California Autos Examiner

Tuesday, April 18, 2006

New Record for Crude/Honda Cuts Fit Sales Target

Crude oil for May delivery rose $1.08, to $70.40 a barrel, the highest level at the end of a trading session since the contract was introduced on the exchange in March 1983. The price was short of an intraday high of $70.85 a barrel touched on Aug. 30, after Hurricane Katrina shut down production in the Gulf of Mexico. Most attribute the latest spike in prices to political instability--especially Iran and Nigeria. "Without question, this is the worst political-risk year we've seen for energy supplies since 1973," said Ian Bremmer, the president of the Eurasia Group, referring to the year of the first Arab oil embargo. Making matters worse, we're approaching peak demand during the summer driving season.

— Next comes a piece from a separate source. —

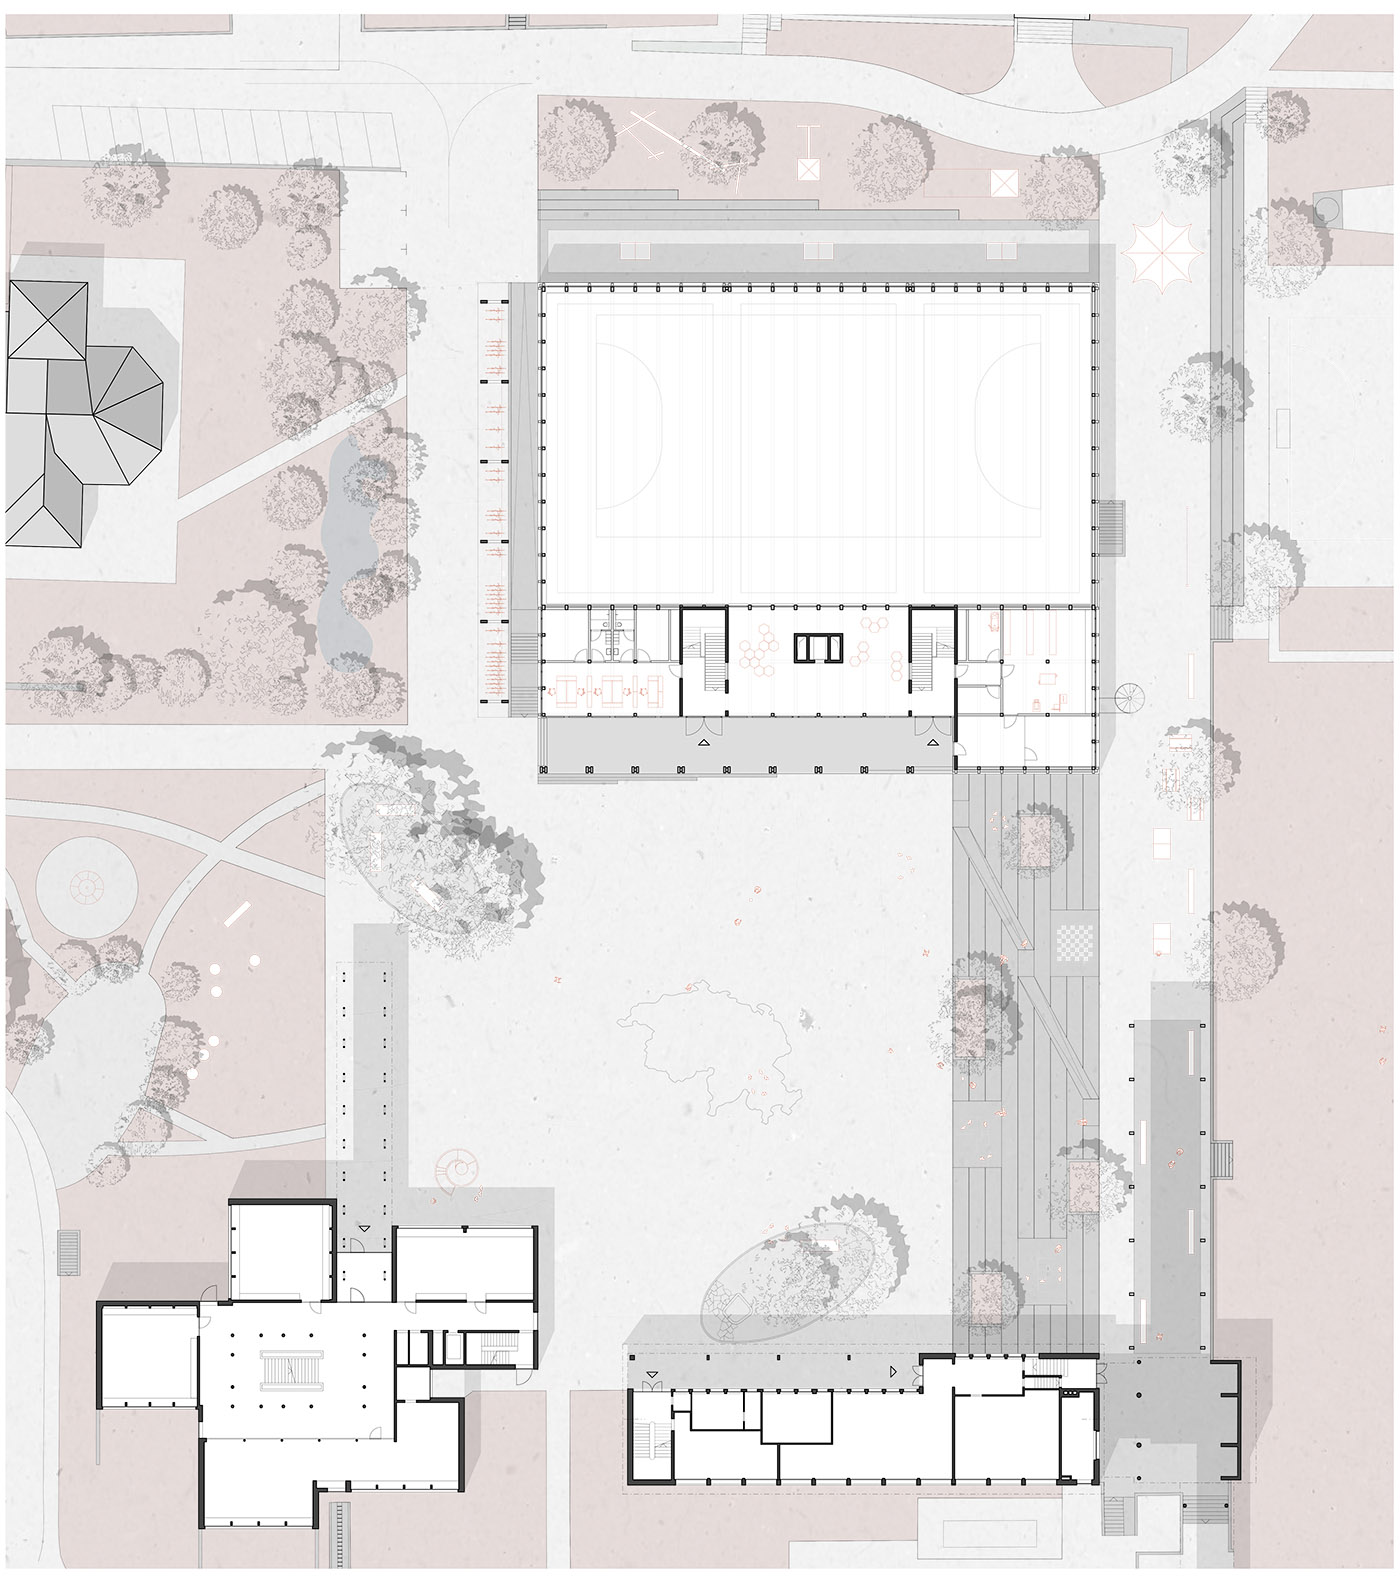 buan-architekten-wettbewerb-chilefeld-dagmersellen-grundriss-erdgeschoss
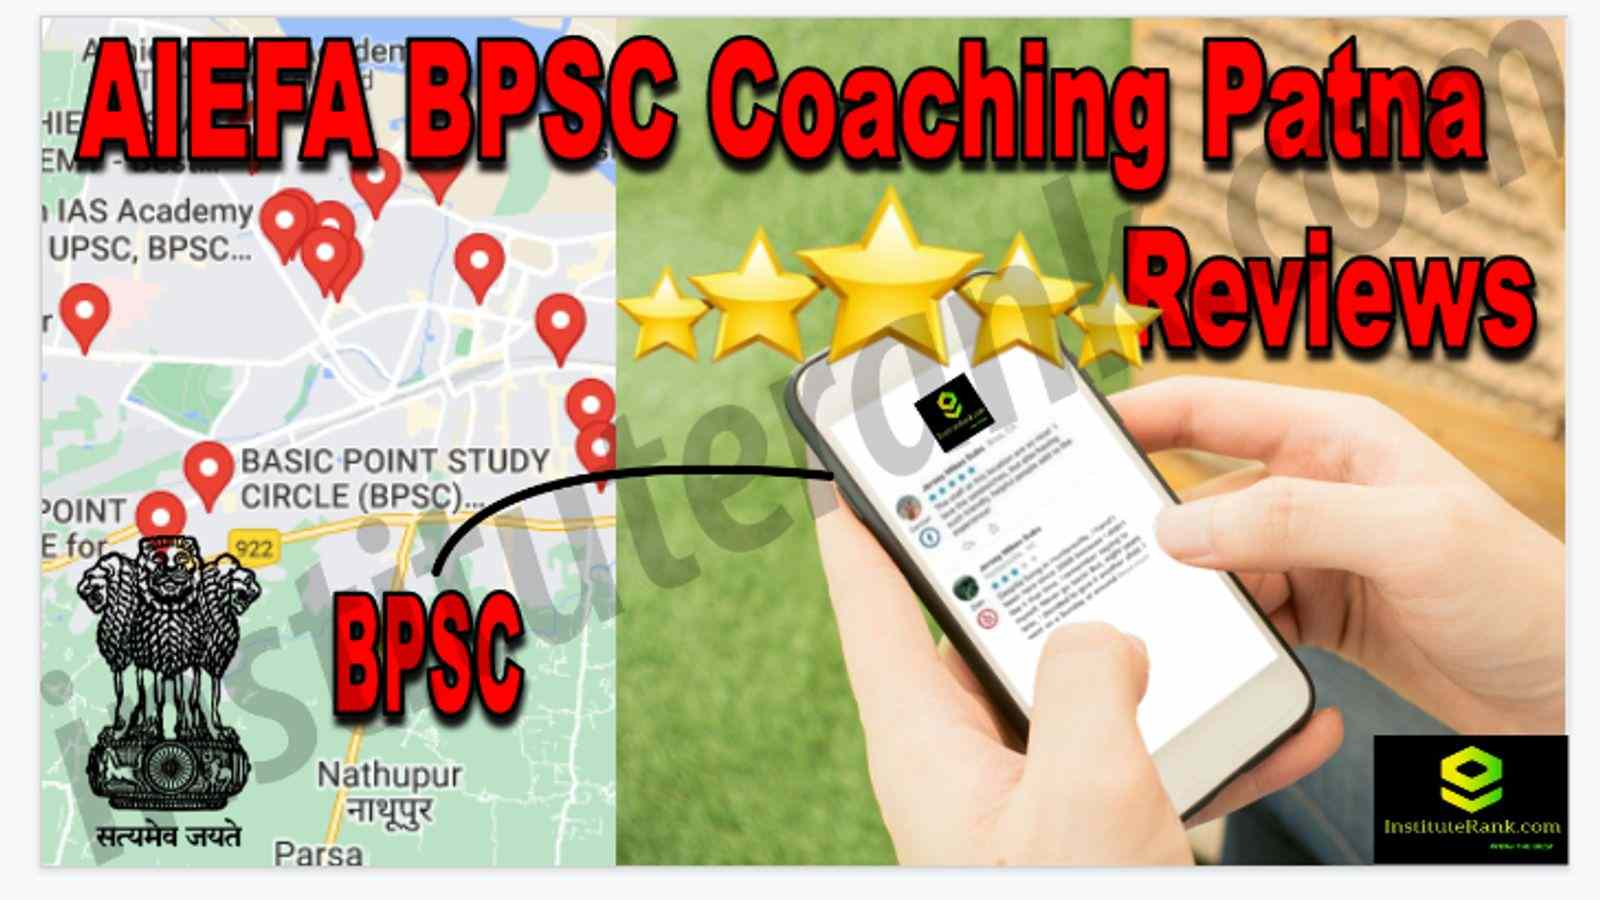 AIEFA BPSC Coaching Patna Reviews

Honda trimmed its U.S. sales target for the Fit by as much as 24 percent as it shifts factory capacity to make more Civics which are up in the U.S. 32 percent this year through March. Honda now expects to sell 38,000 to 42,000 Fits in the 12 months after it goes on sale this month said John Mendel, senior vice president of the company's U.S. sales unit. The Civic is undoubtedly a higher profit car for Honda, so it would make sense for it meet demand for the sure bet.